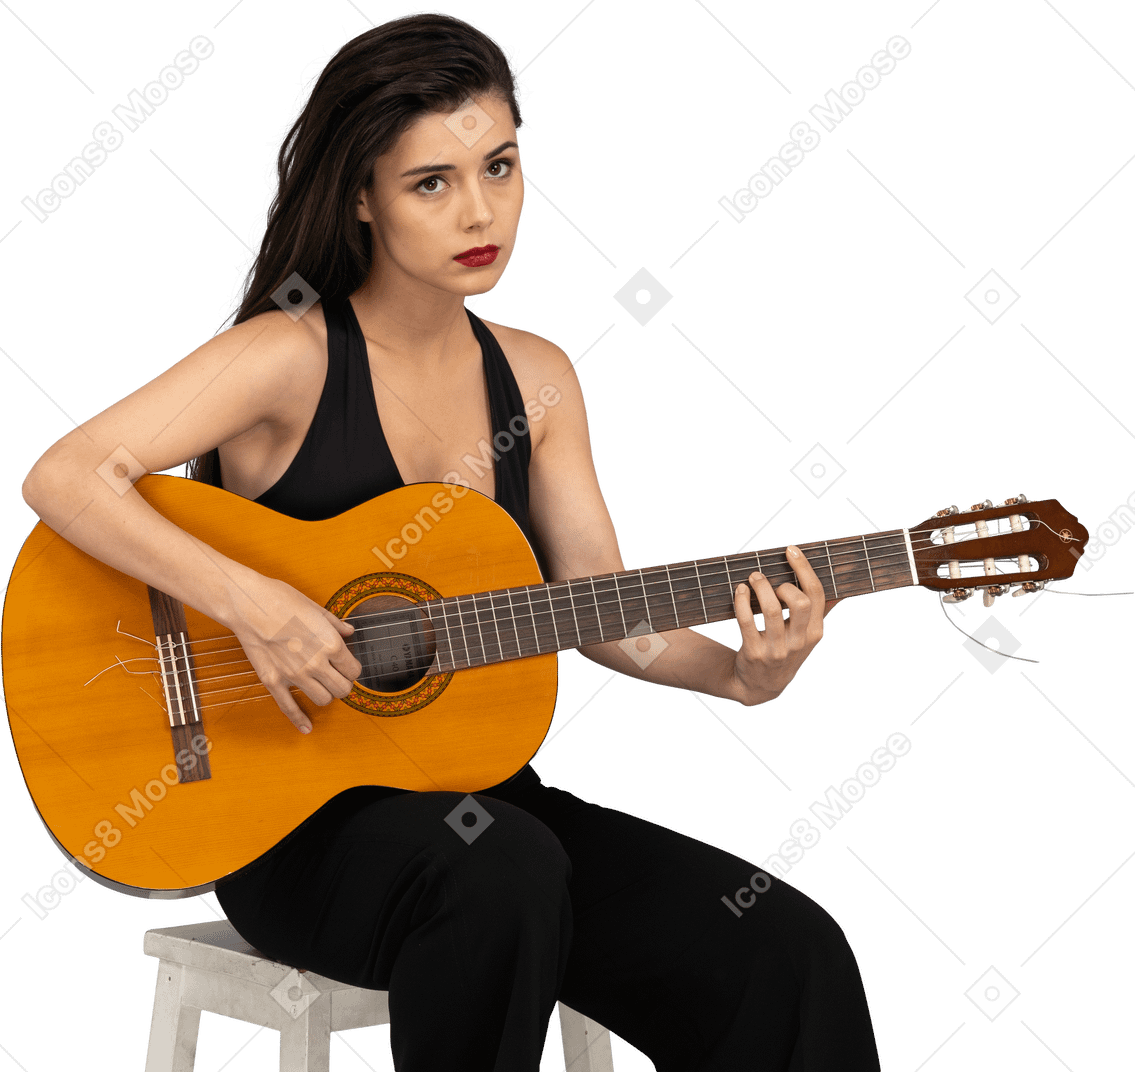 Vue de face d'une jeune femme assise en costume noir à jouer de la guitare
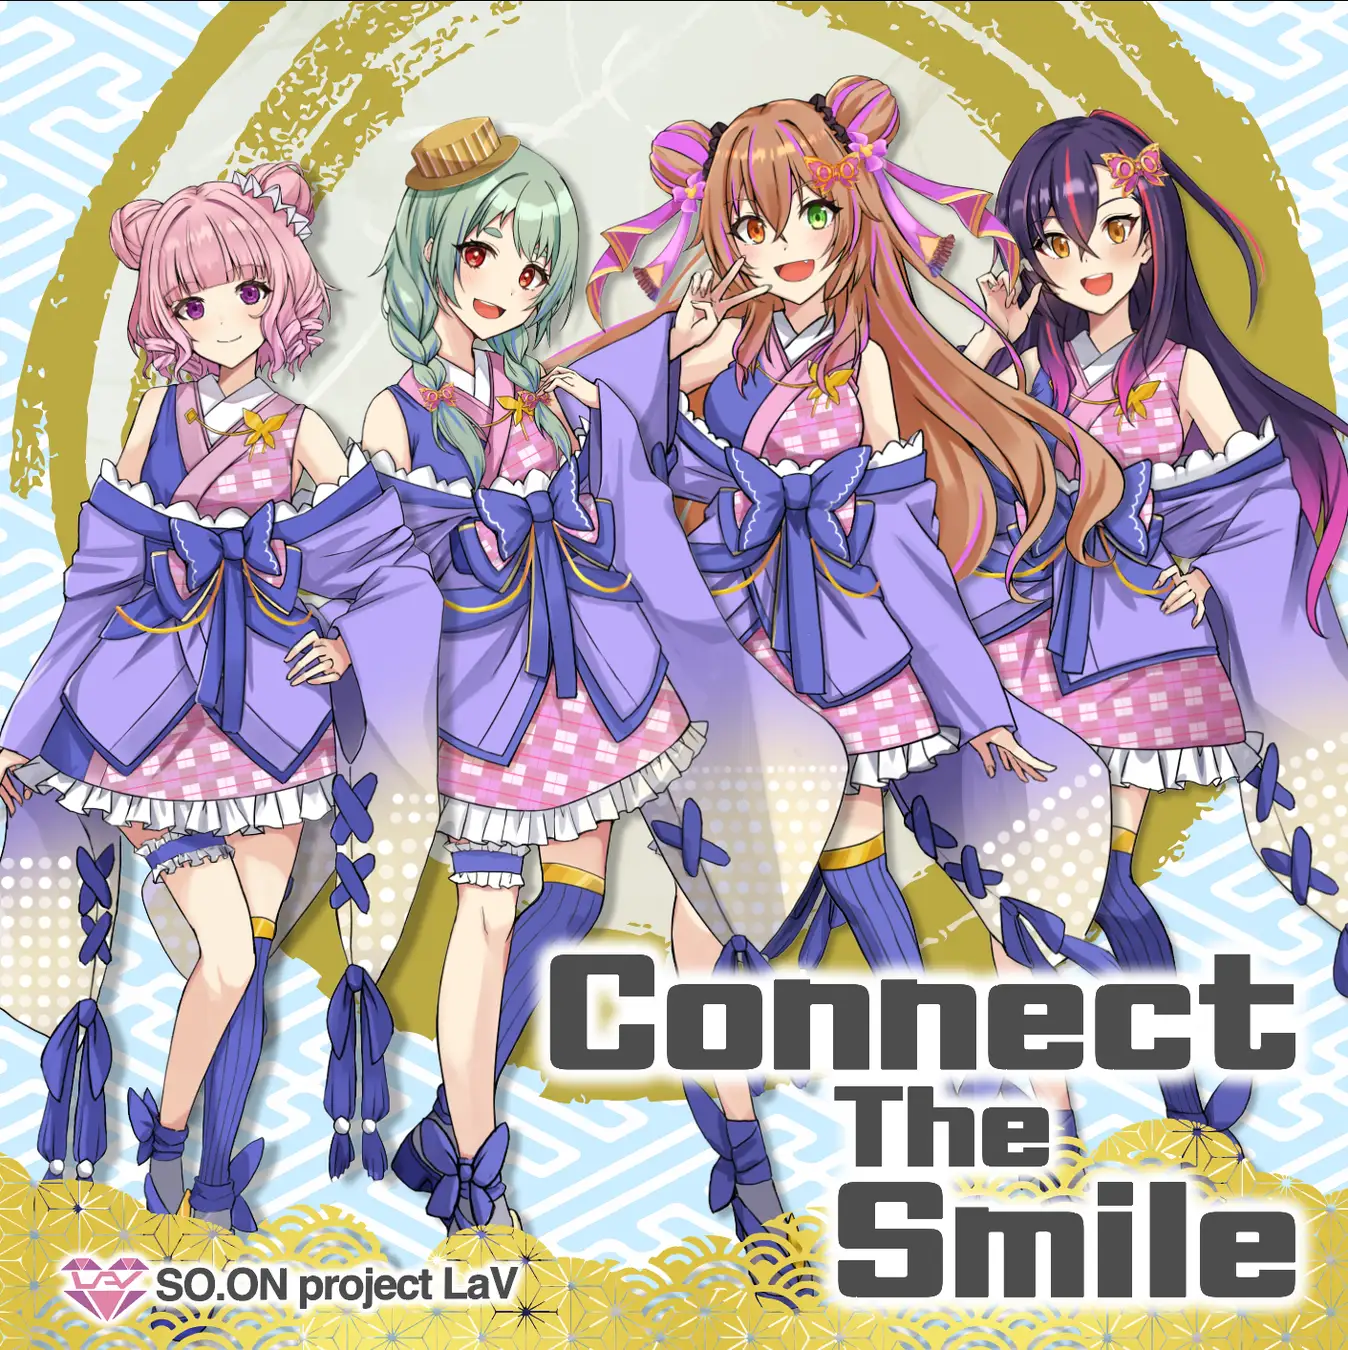 バーチャルアイドル「SO.ON project LaV」、新曲「Connect The Smile」のミュージックビデオ公開
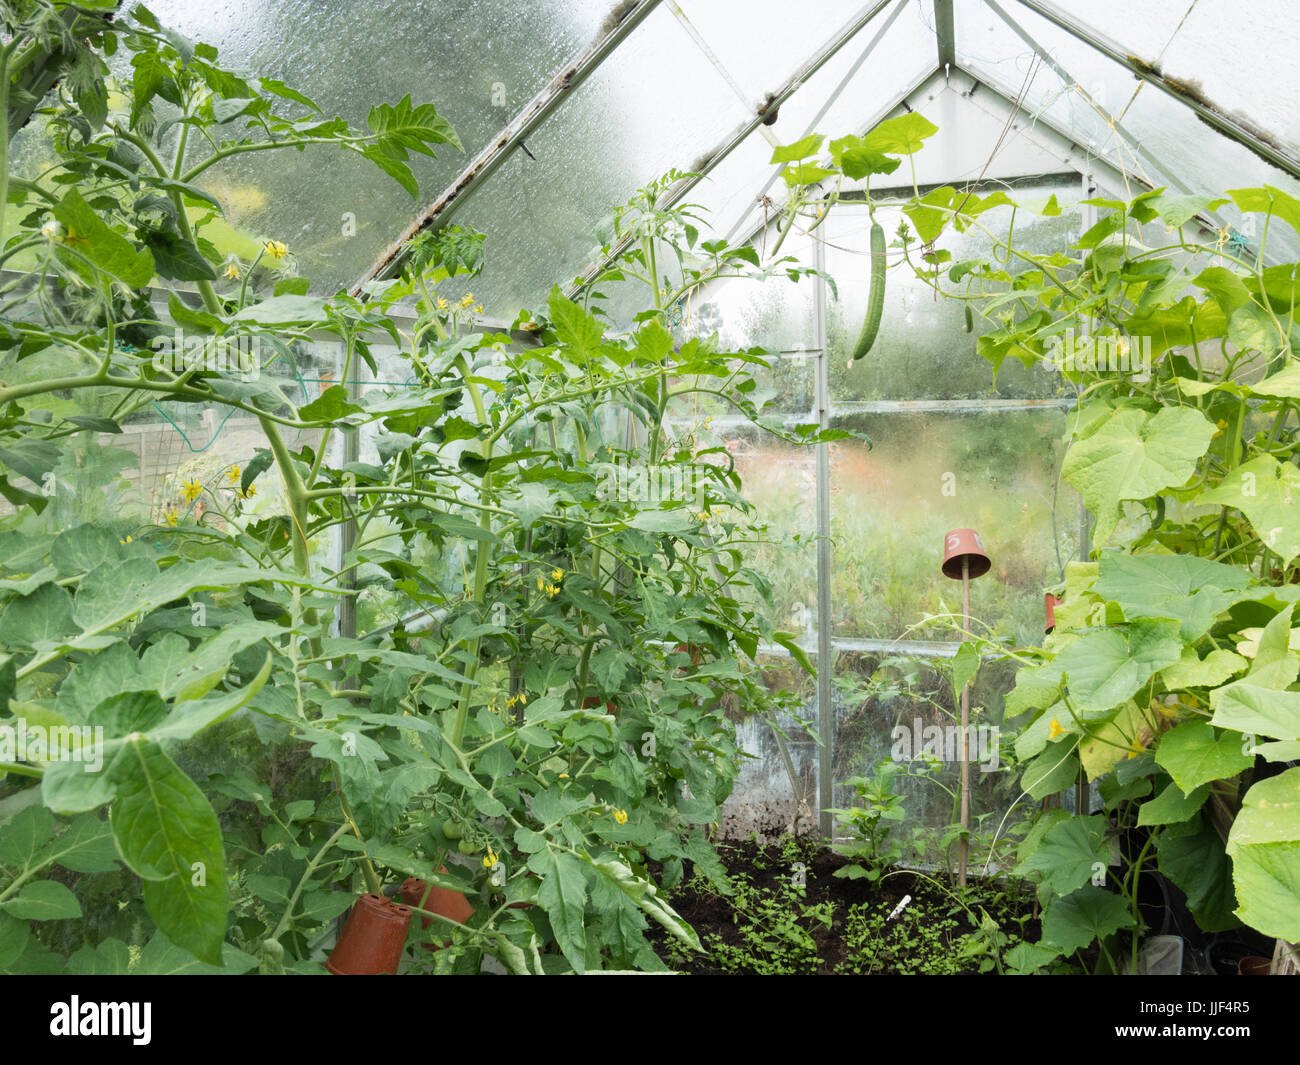 Gurken und Tomaten Pflanzen wachsen in einem inländischen oder zu Hause  Garten Gewächshaus Stockfotografie - Alamy
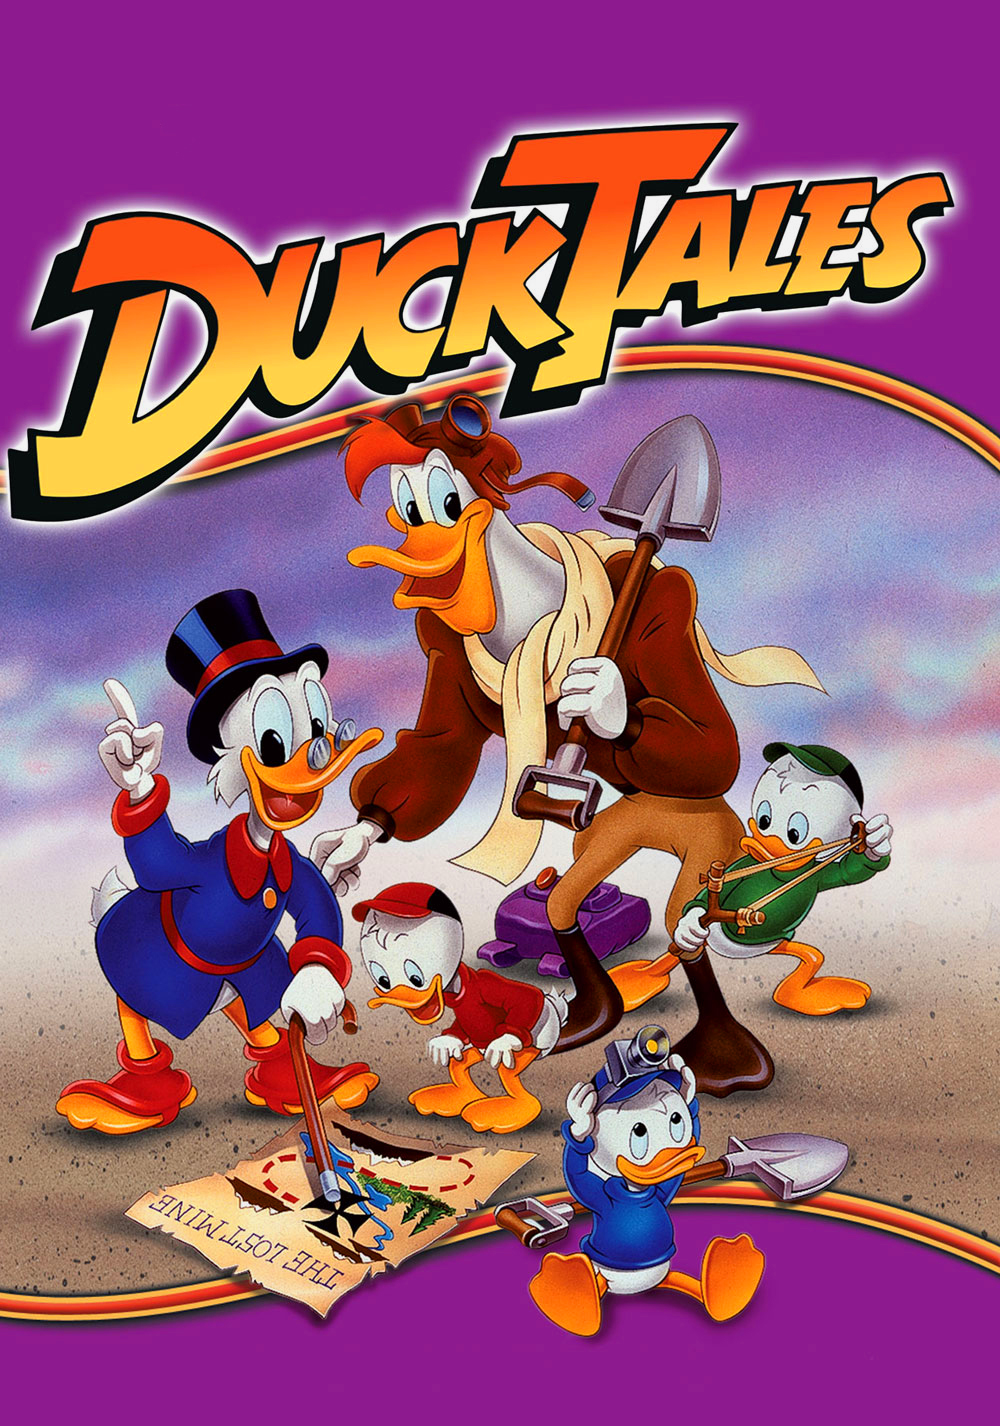 Ducktales 2017 Vs 1987 - 1000x1426 Wallpaper

> **EXERCISE REQUIREMENTS**
Only the lines from the one containing "Gurken und Tomaten" through the final line of the material should appear in the answer, copied exactly and without any picture.

> **RESULT**
 Gurken und Tomaten Pflanzen wachsen in einem inländischen oder zu Hause  Garten Gewächshaus Stockfotografie - Alamy
 Ducktales 2017 Vs 1987 - 1000x1426 Wallpaper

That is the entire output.